Lint, tests, and CodeQL are necessary but not sufficient. They detect syntactic and known-pattern issues; they do not evaluate judgment.

A naïve answer is "have a human review every PR." That does not scale when 5 parallel instances push 15-30 PRs per day, and it wastes the most expensive resource (Christophe) on PRs that an LLM could validate correctly 95% of the time.

What we need: a validation system that injects LLM judgment at the three decision points above — before work starts, before code is written, and before code is merged — at a bounded cost, with a clear kill-switch, and with reasoning visible to humans for audit.

Decision

Implement a 3-stage Council system where each stage gates the next. Stages 1 and 2 evaluate prose artifacts (tickets, plans) through an 8-persona LLM jury (the canonical Team Coca set defined in hegemon/patterns/validation/HEG-PAT-003). Stage 3 evaluates code diffs through a 4-axis parallel LLM review via a CLI tool (scripts/council-review.sh).

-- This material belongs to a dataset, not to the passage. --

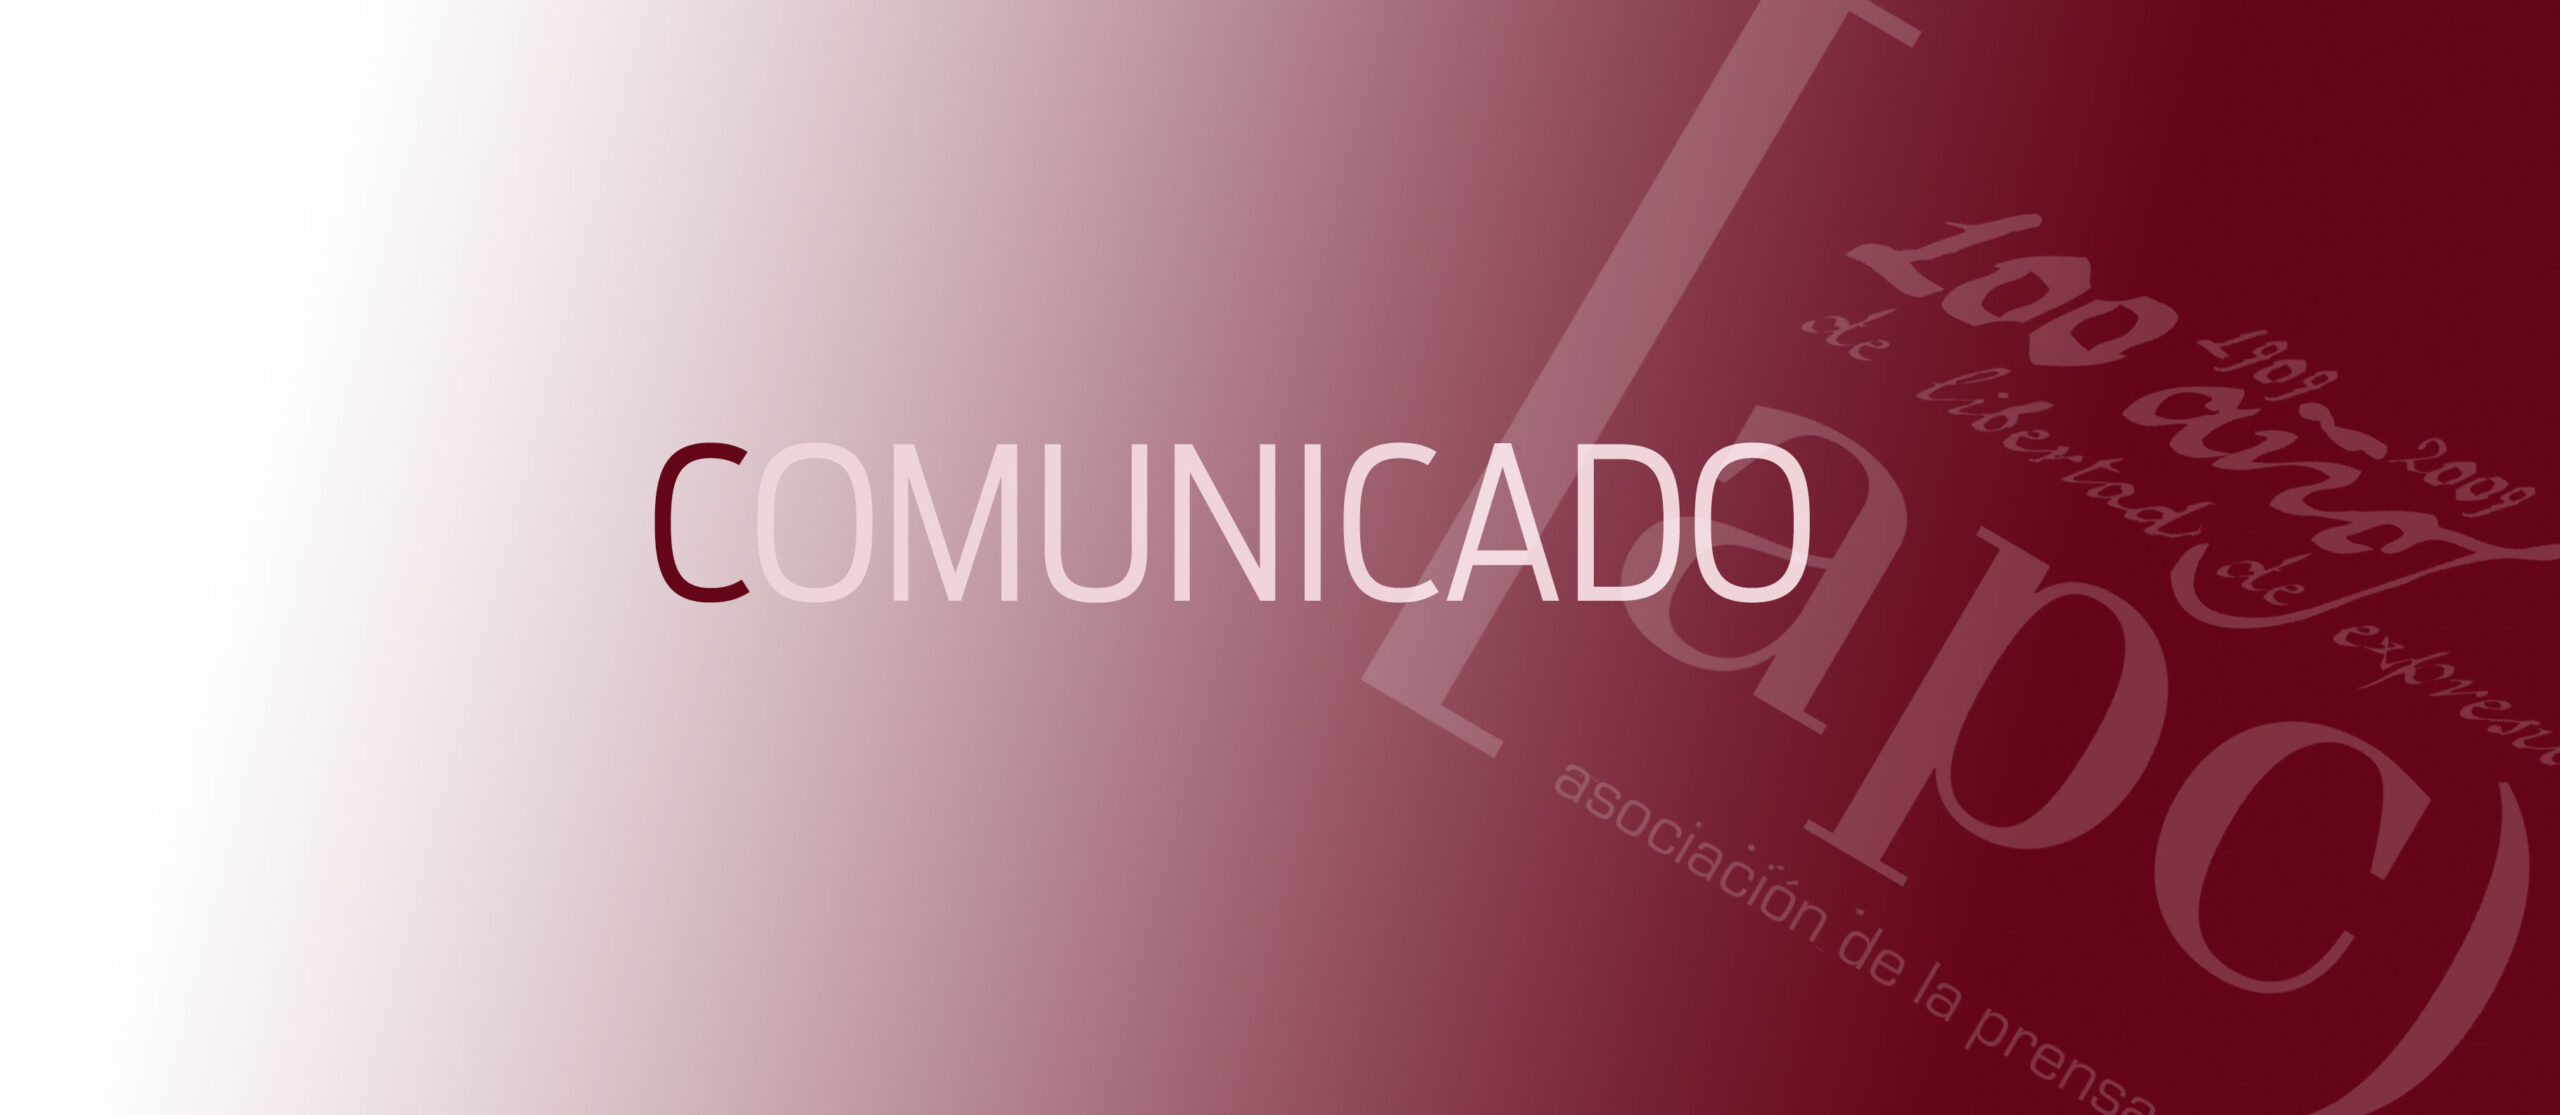 COMUNICADO: La APC se opone a la difusión de contenido discriminatorio
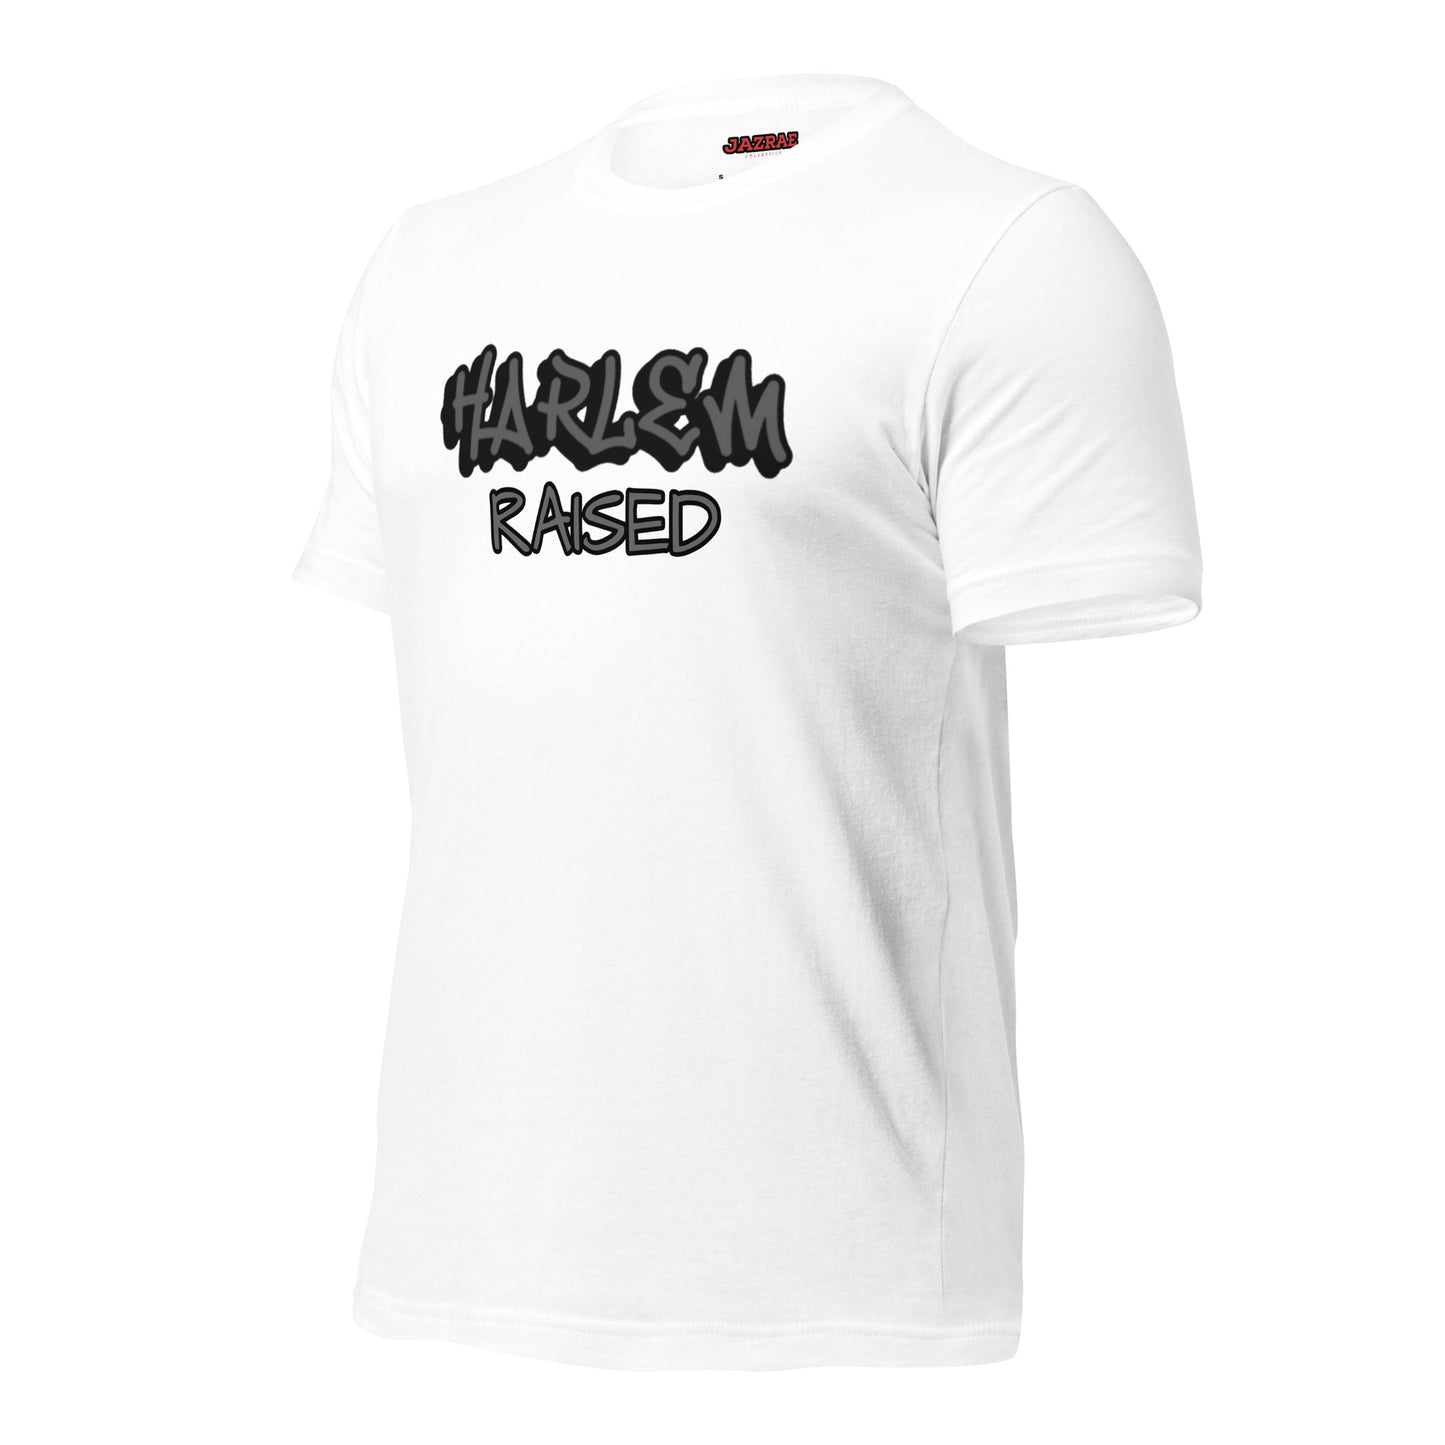 JAZRAE HARLEM raised Unisex t-shirt

┌──────────────────┐   ┌────────────────┐   ┌─────────────┐   ┌──────────────────┐
│ S1: ticket       │ → │ S2: plan       │ → │ implement   │ → │ S3: code review  │ → merge
│ pertinence       │   │ validation     │   │             │   │ (4 axes, diff)   │
│ (prose,          │   │ (prose,        │   │             │   │ (CLI,            │
│  8 personas)     │   │  8 personas)   │   │             │   │  parallel API)   │
└──────────────────┘   └────────────────┘   └─────────────┘   └──────────────────┘

Each stage emits a binary verdict: Go (proceed), Fix (apply adjustments, re-run), or Redo (reject, rewrite from scratch). A global score of ≥ 8.0/10 is required to Go.

Stage 1 — Ticket Pertinence (live since C11; promoted to 8-persona jury via CAB-2054)

Invoked by the /council skill on a feature/ADR description before any work begins. The full 8-persona Team Coca jury (canonical set defined in hegemon/patterns/validation/HEG-PAT-003) evaluates the ticket itself:

Persona	Role	Focus
Chucky (Devil's Advocate)	Penetration testing / risk	Risk, edge cases, failure modes, hidden complexity
N3m0 (Webapp Security)	Frontend / UX / DX	A11y, exposed UI surfaces, keyboard flows, error message leaks
Gh0st (Supply Chain)	Dependencies / SBOM	Trusted-by-default deps, lockfile drift, transitive CVEs
Pr1nc3ss (Social Engineering)	Trust boundaries	Phishing vectors, bypass via human factors, error-message info leak
OSS Killer (VC Skeptic)	Market viability	Competitive moat, user value, ROI, me-too risk
Archi 50x50 (Veteran Architect)	Technical quality	Coupling, scalability, pattern fit, tech debt
Better Call Saul (Legal/IP)	Legal/compliance	License, GDPR/DORA, competitive claims, disclaimers
Gekk0 (Monetization / GTM)	Time-to-revenue	Pricing tier fit, monetization hook, sales enablement, GTM messaging

Each persona returns a score /10 + verdict + specific adjustments to apply. The average is combined with the Context Compiler Impact Score modifier (LOW 0, MEDIUM 0, HIGH −0.5, CRITICAL −1.0) to produce a final score. Threshold: ≥ 8.0 → Go.

Persona names are pop-culture archetypes (Chucky = Child's Play, Gekk0 = Gordon Gekko / "Wall Street", Better Call Saul = Breaking Bad universe, etc.) used as internal aliases for the adversarial roles. They are not commercial trademarks.

Stage 1 catches: mis-scoped work, features with no measurable value, scope creep, unverified competitive claims, overly-vague acceptance criteria, supply-chain naivety, unmonetizable features, accessibility gaps. It runs in ~60 seconds (one Sonnet call per persona, parallelized by the Council skill).

Stage 2 — Plan Validation (live since C11; promoted to 8-persona jury via CAB-2054)

Invoked by the same /council skill on a completed implementation plan (files to touch, steps, expected LOC, alternatives considered). Same 8-persona jury, same scoring, same adjustment loop — but the questions now focus on technical correctness of the plan, not pertinence of the work.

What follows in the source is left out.